*TASK DIRECTIONS*
When you reach a picture, skip it, and retype every line below exactly.
[DATASET SECTION Boundary: Start]
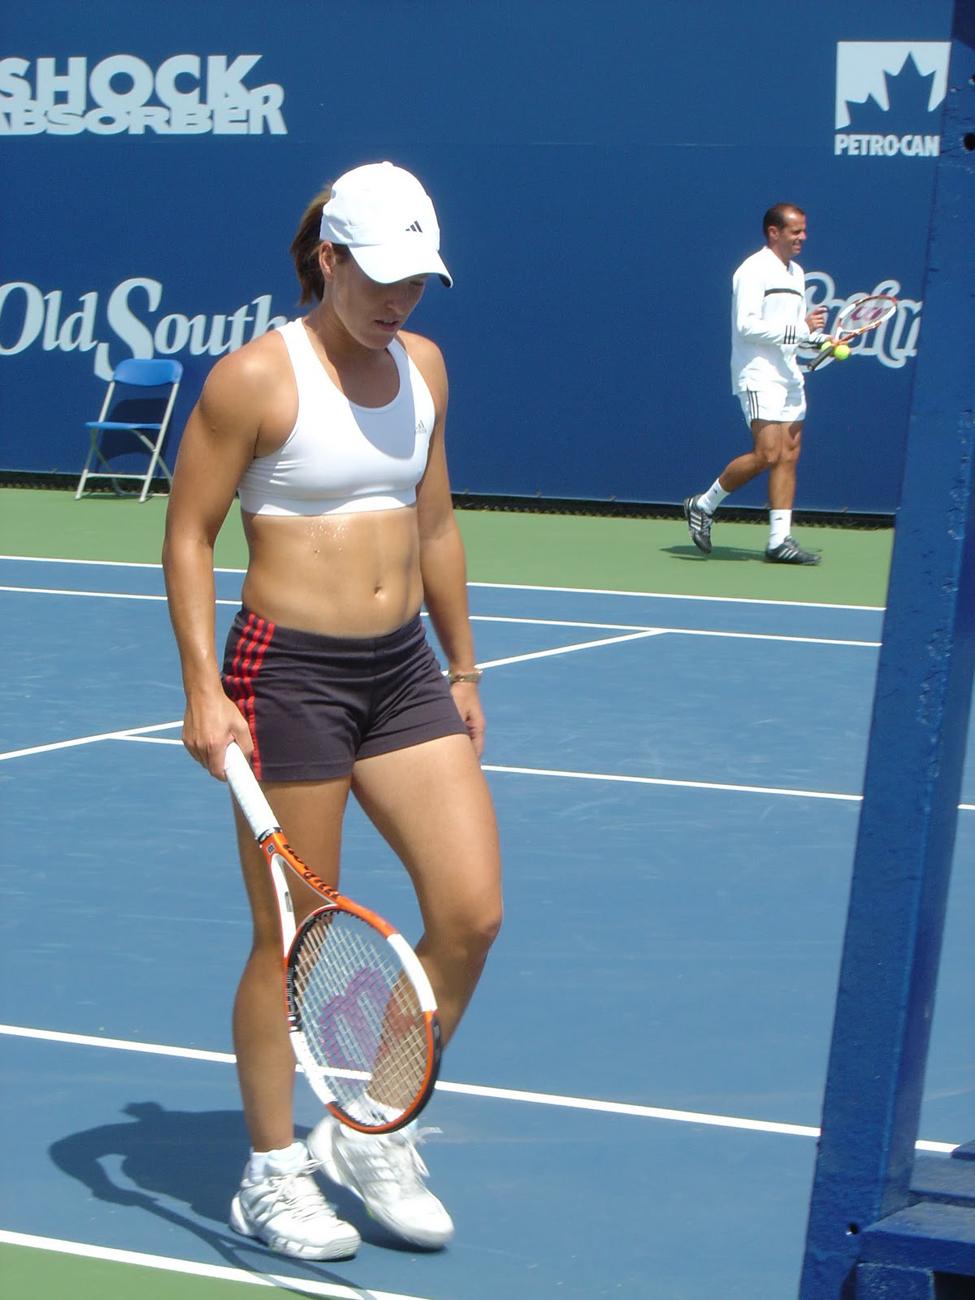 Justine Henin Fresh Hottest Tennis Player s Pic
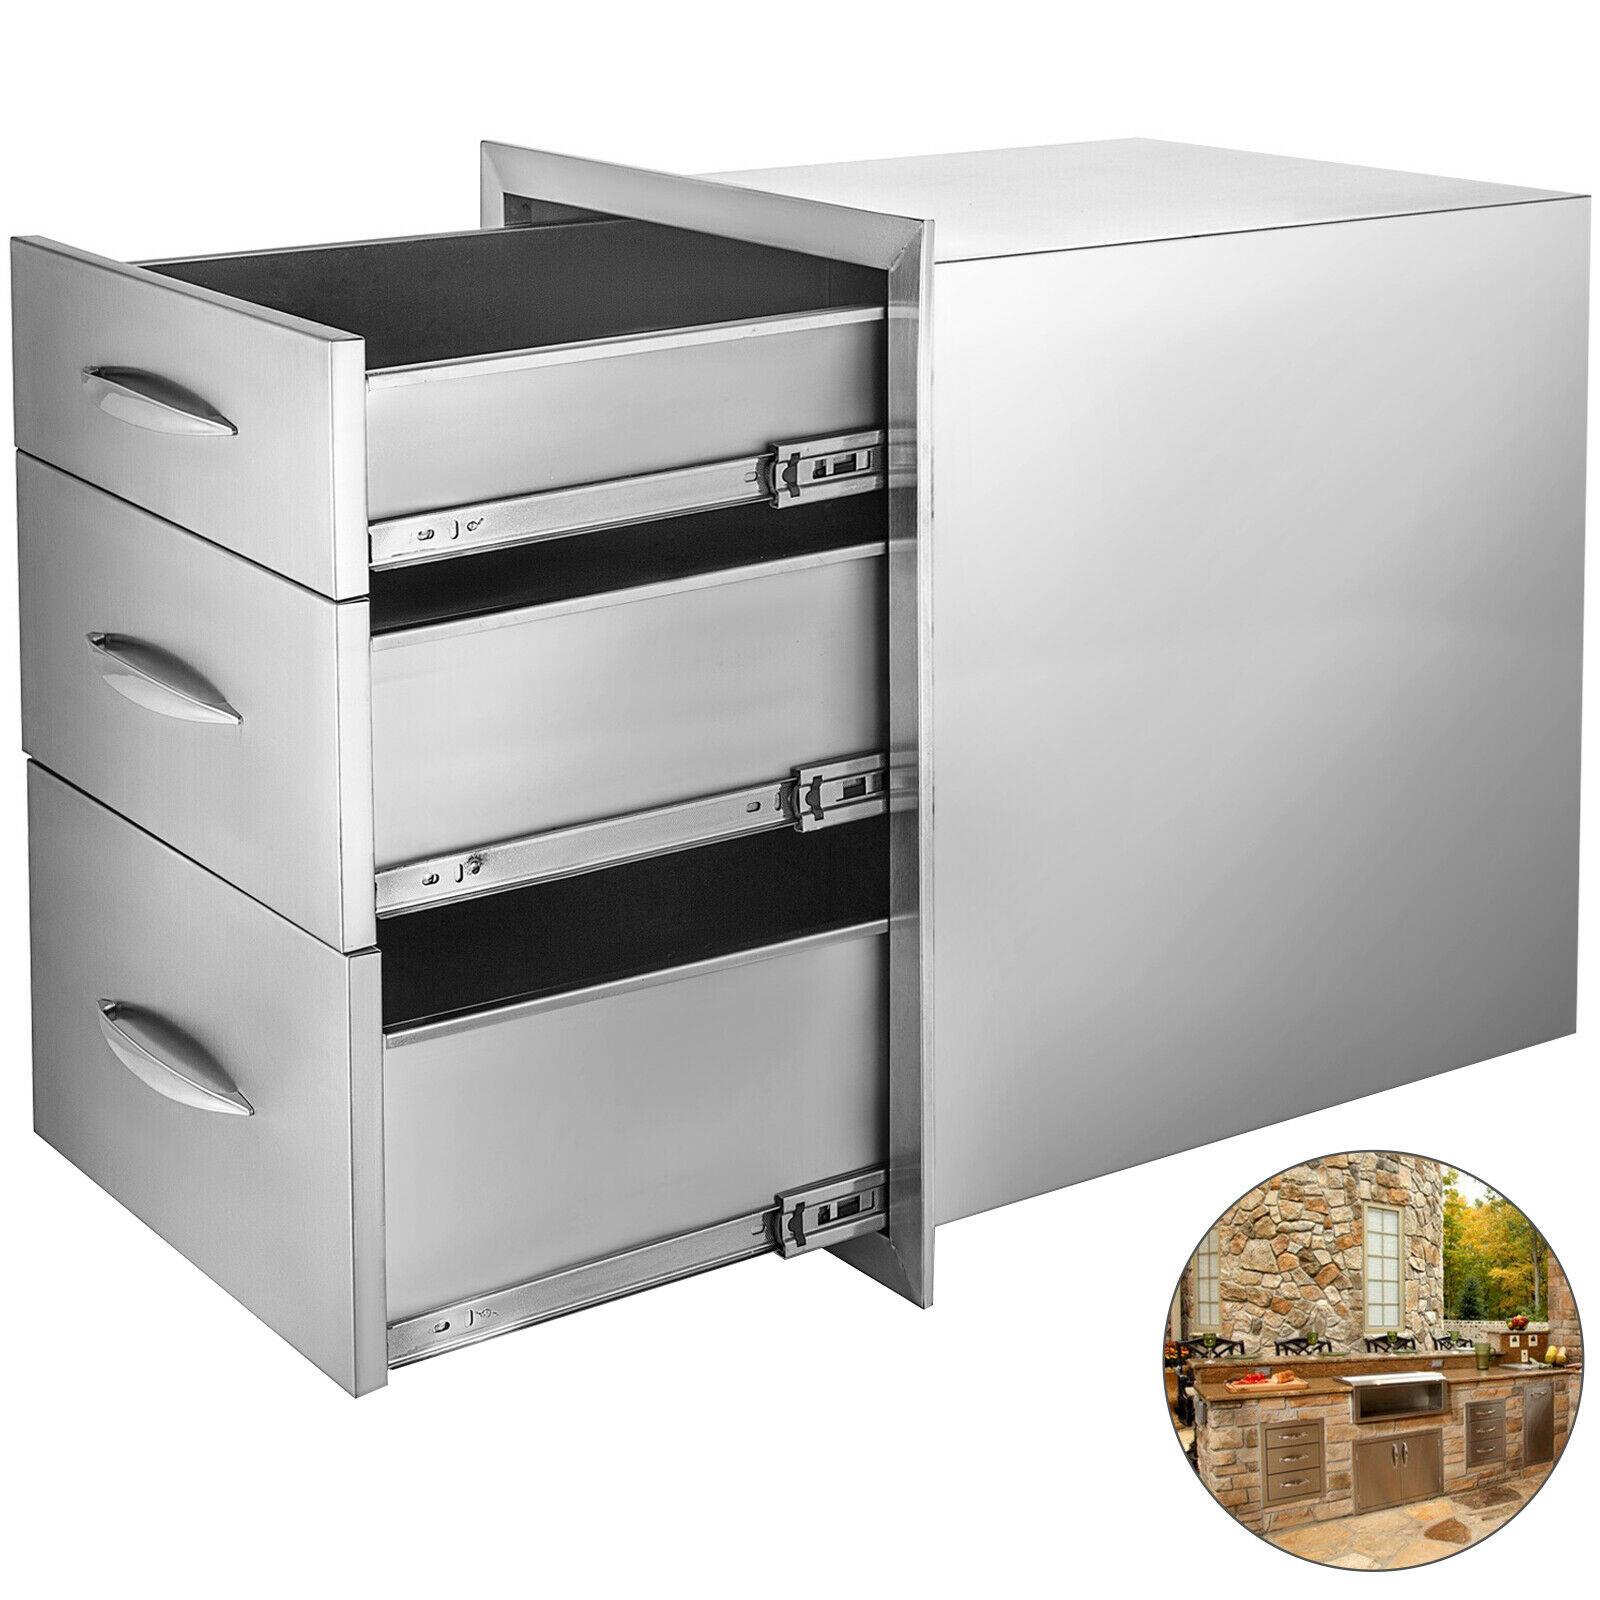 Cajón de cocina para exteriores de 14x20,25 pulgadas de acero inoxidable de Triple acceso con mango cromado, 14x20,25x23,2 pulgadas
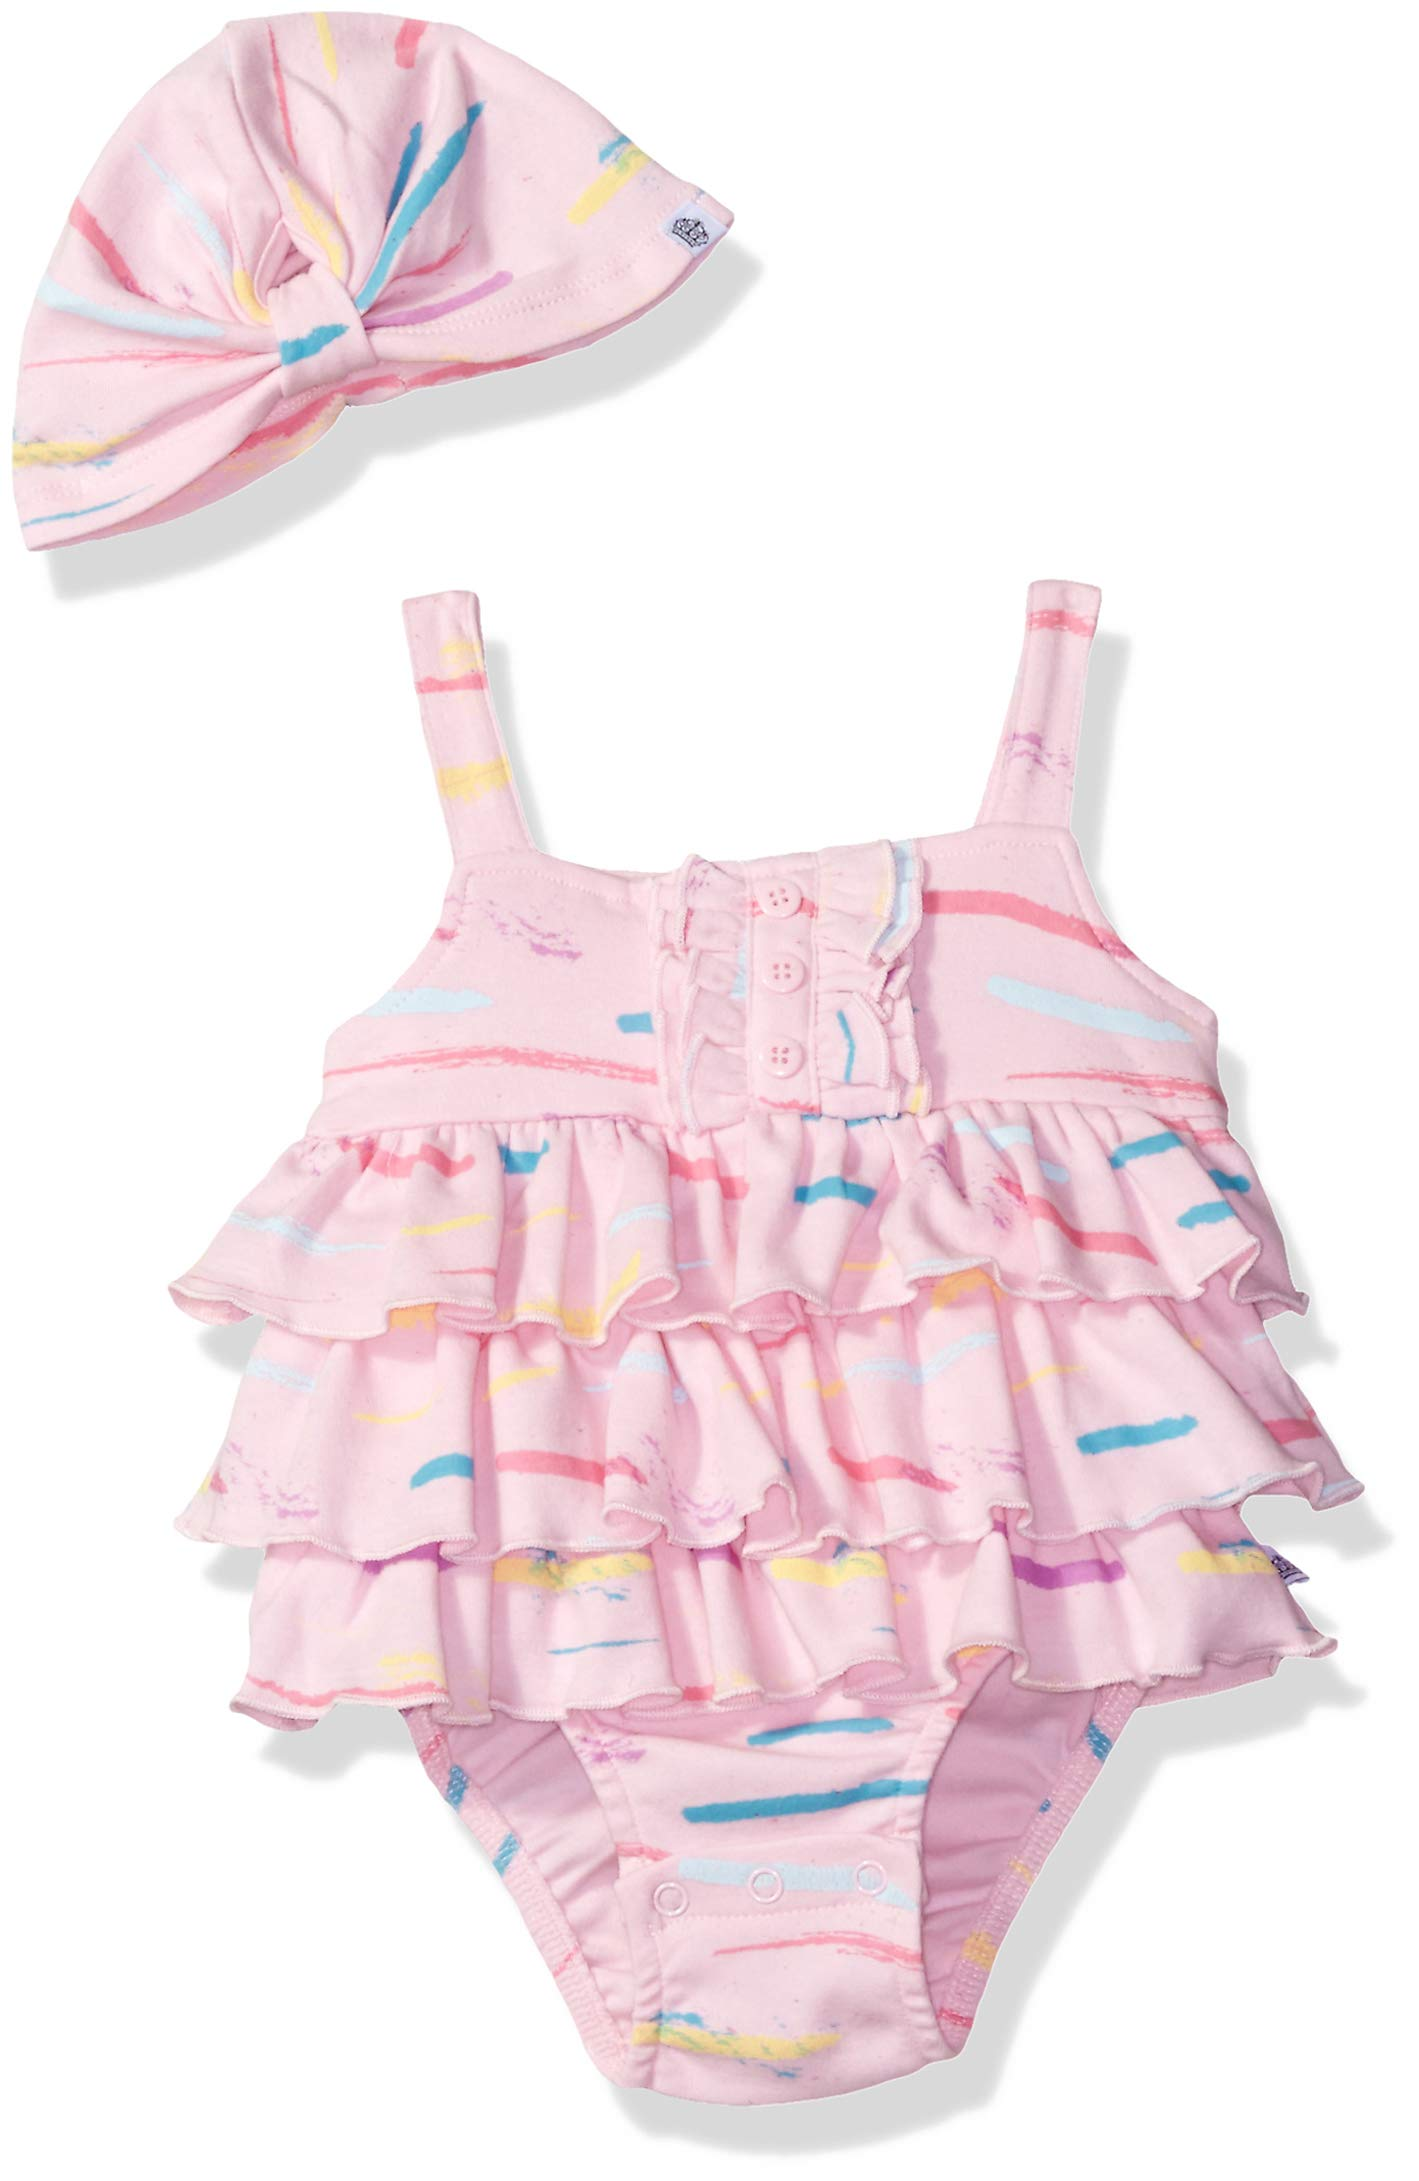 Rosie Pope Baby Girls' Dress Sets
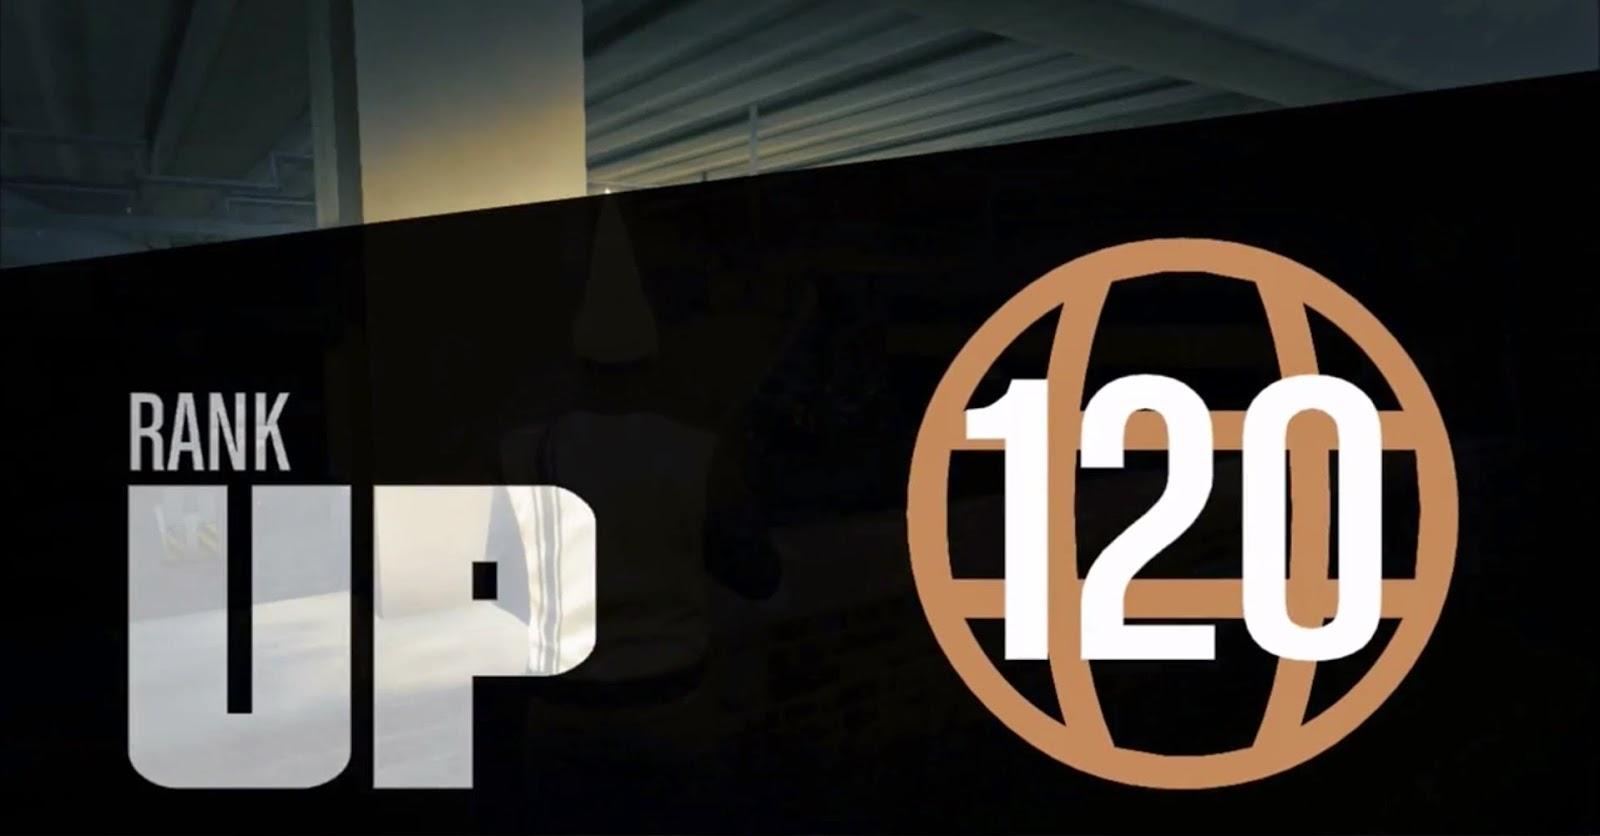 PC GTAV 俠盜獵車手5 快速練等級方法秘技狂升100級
[DATASET SECTION Boundary: End]
*YOUR SOLUTION*
 Justine Henin Fresh Hottest Tennis Player s Pic
 Cajón de cocina para exteriores de 14x20,25 pulgadas de acero inoxidable de Triple acceso con mango cromado, 14x20,25x23,2 pulgadas
 Rosie Pope Baby Girls' Dress Sets
 PC GTAV 俠盜獵車手5 快速練等級方法秘技狂升100級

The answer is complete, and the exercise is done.